A quick glance over economic data from Germany, US and UK and ECB purchases and strategies follows.
German Factory Orders stoke recession fears
Order intake in German industry was down by no less than 4.8% in November, eroding the gains made in October. The hard figures bear out the much gloomier view of the order situation expressed in surveys. It goes to shop how much manufacturing suffered in the second half of the year, and make it increasingly likely that the German economy contracted at the turn of the year. After the very welcome October figures reported, the order intake figures for November will have come as a rude awakening to the optimists’ camp. These were down 4.8% year on year, completely eroding the prior-month increase. There were no significant one-off effects involved either: Orders for miscellaneous vehicles, a highly volatile sector, admittedly fell by just short of 30%, but even when this is excluded, orders overall were down 3.5%.
Source: Global insights
US Unemployment: Modest improvements but nothing to sing about
* A strong report with impressive gains in payrolls, hours and earnings. Indeed, the key aggregate weekly payrolls gauge was up a sharp 0.7%. * The unemployment rate moved lower again this month — although the latest downtick was mostly attributable to a 50,000 decline in the labor force.This report also included annual revisions to seasonal factors for the household survey data which resulted in some smoothing of the unemployment rate over the course of the past year. * Admittedly, some of the latest upside in payrolls should be discounted because of a seasonal quirk in the courier category of payrolls (FedEx, UPS,etc). Jobs in this sector jumped 42,000 in December, repeating a pattern seen in both 2009 and 2010. For some reason, the seasonal adjustment methodology is not fully capturing the surge that has been occurring in December and the ensuing layoffs that typically take place in January. This might be because the seasonal pattern has only been clear-cut for the past 3 years. In any case, we will see some payback in payroll employment next moth. Based on historical patterns, courier jobs should decline about 45,000 (SA) in the January report. * While this report contained a few quirks (courier jobs, drop in labor force, etc), it seems to be consistent with some modest underlying improvement in labor market conditions. In sum, things are looking a bit better but, we wouldn’t get too carried away just yet.
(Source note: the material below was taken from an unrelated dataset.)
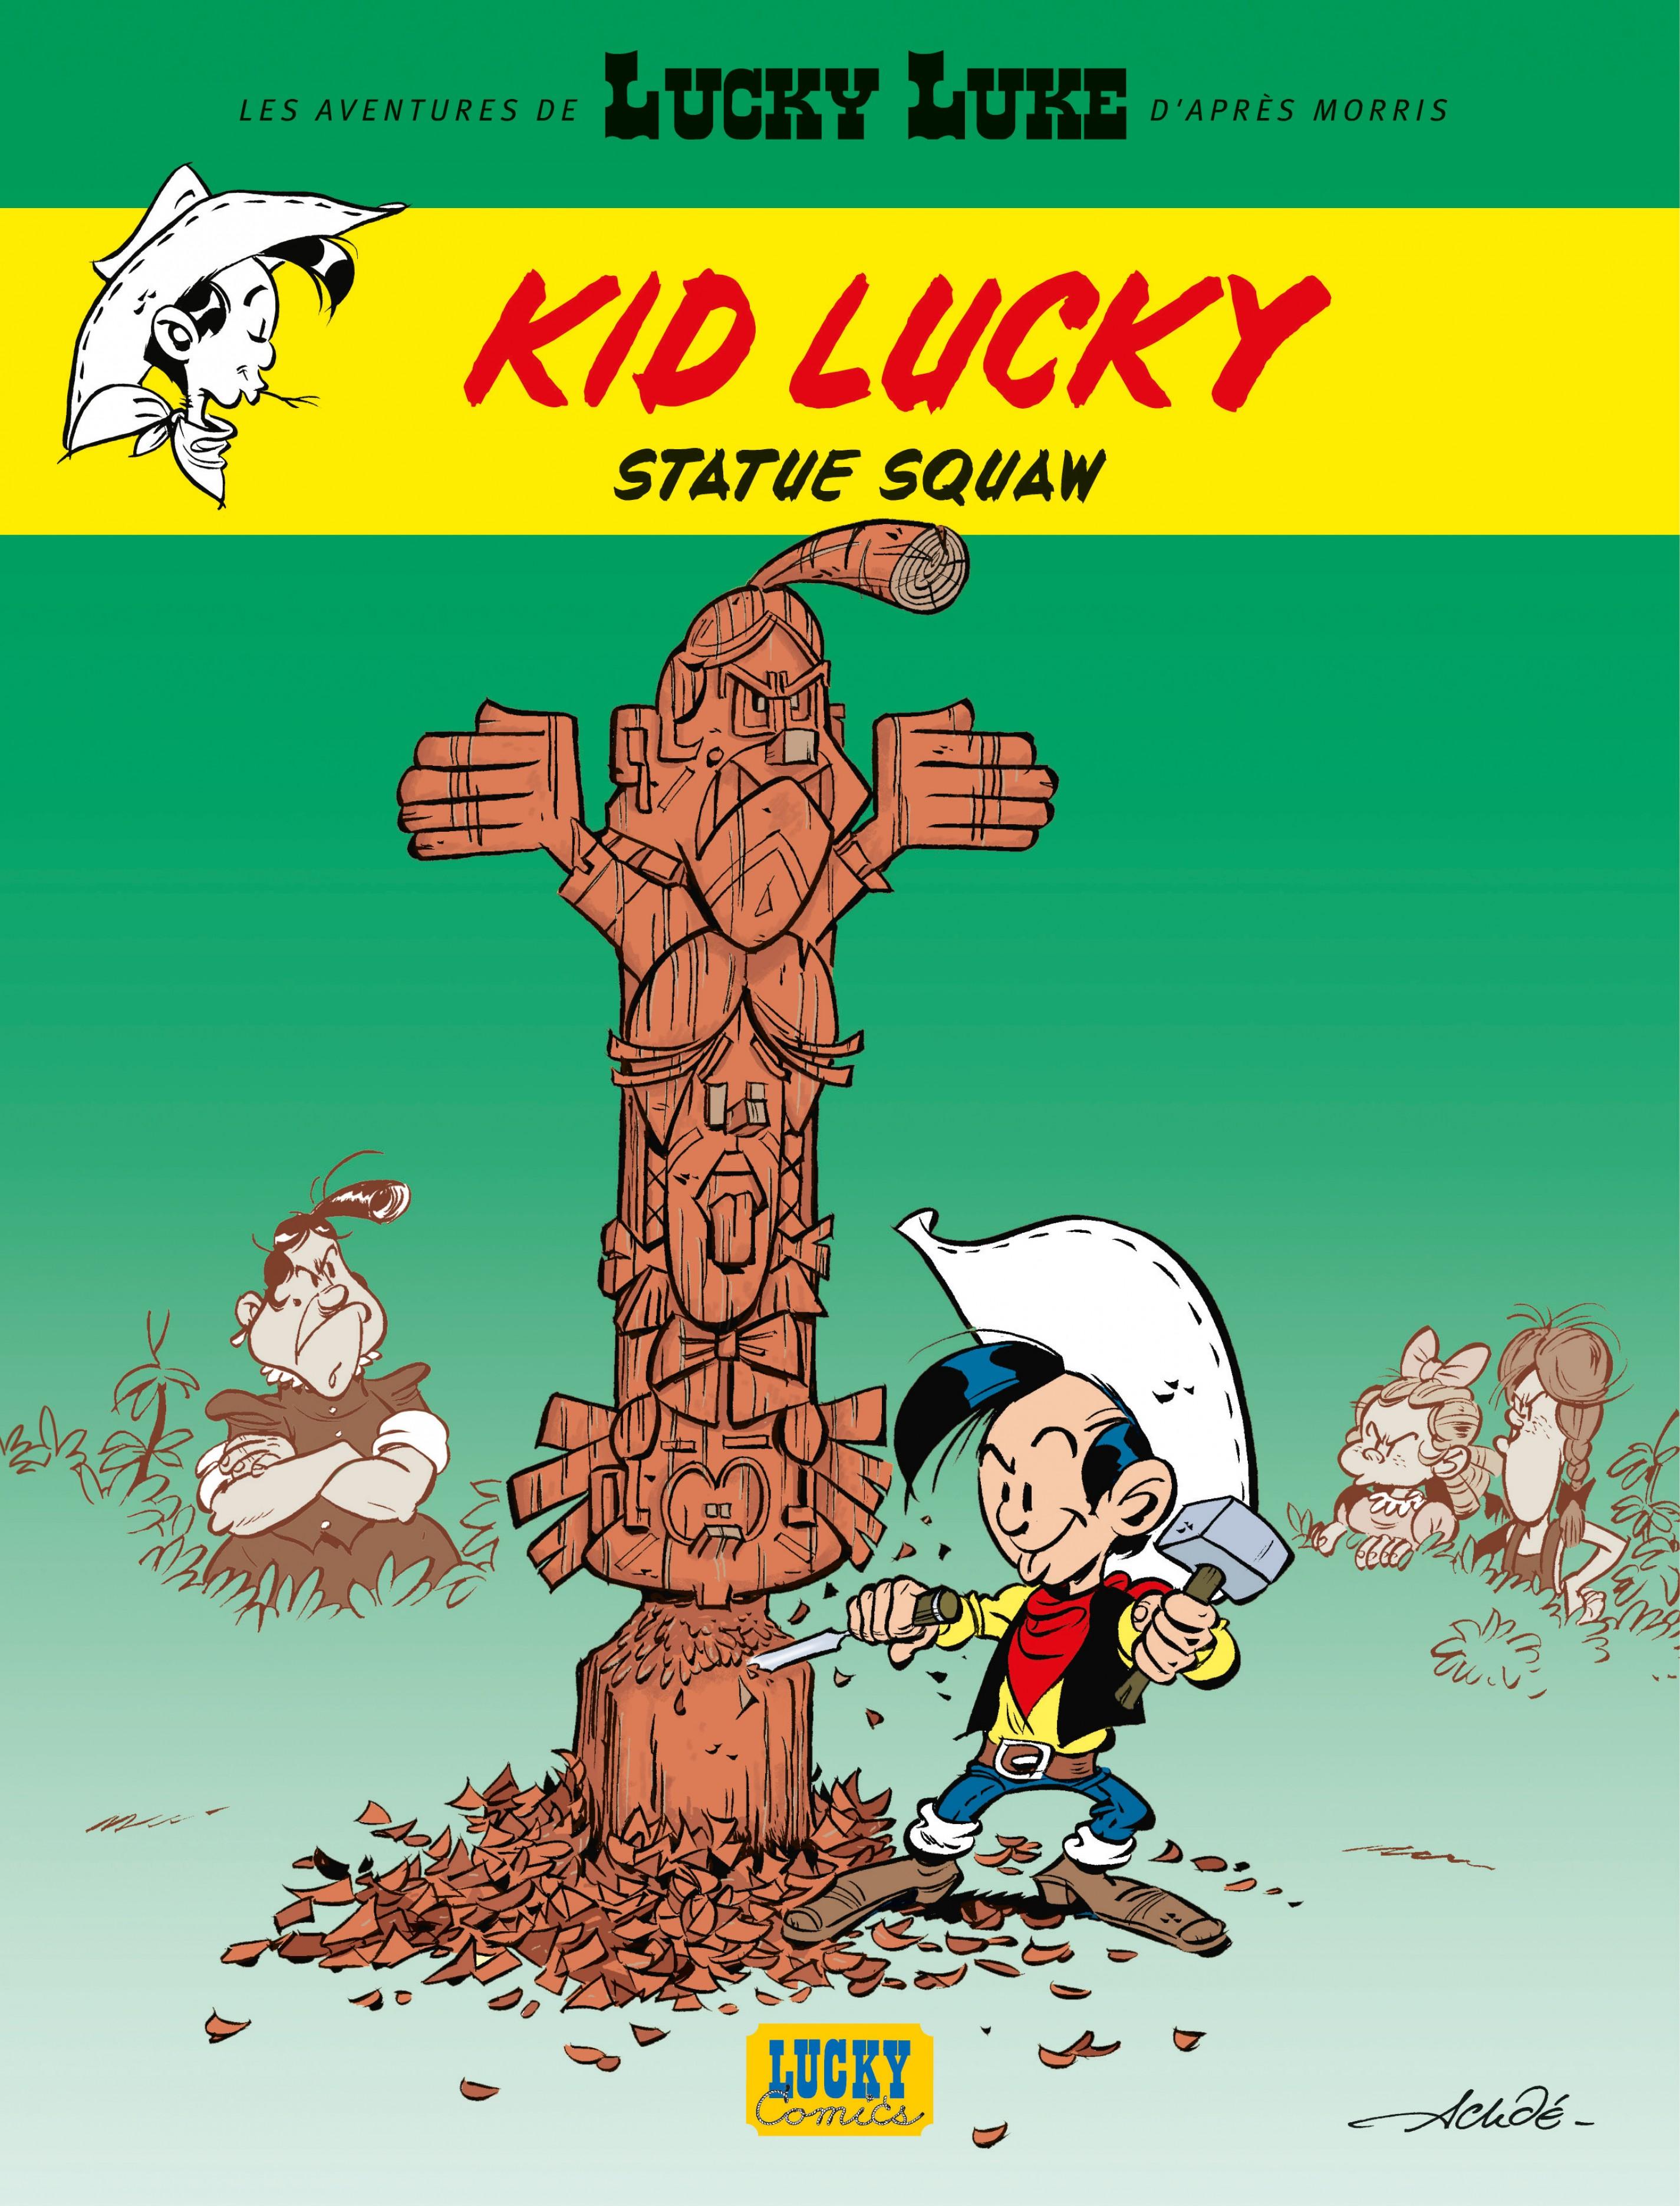 Les aventures de Kid Lucky d'après Morris - Tome 3 - Statue squaw

On wider sense, US macro data this week showed key bright spots. Jobless claims, construction spending, manufacturing and employment data all beat estimates, while ICSC retail sales came in slightly below expectations. Specifically, initial jobless claims were 372k vs. 375k est,, while construction spending was up 1.2% MoM, above the 0.5% est. ISM manufacturing also beat forecasts coming in at 53.9 vs. 53.5 est., and reaching its highest level in six months. Most encouraging, ADP and BLS payroll data beat estimates and the unemployment rate dropped another 20bps to 8.5% from 8.7%, more than forecasted. ADP payrolls were 325k vs.178k est., while BLS non-farm payrolls were 200k vs. 155k est. and BLS private payrolls 212k vs. 178k est. Negatively, ICSC chain store sales figure was lighter than estimates, posting a 3.5% increases YoY vs. 4% est.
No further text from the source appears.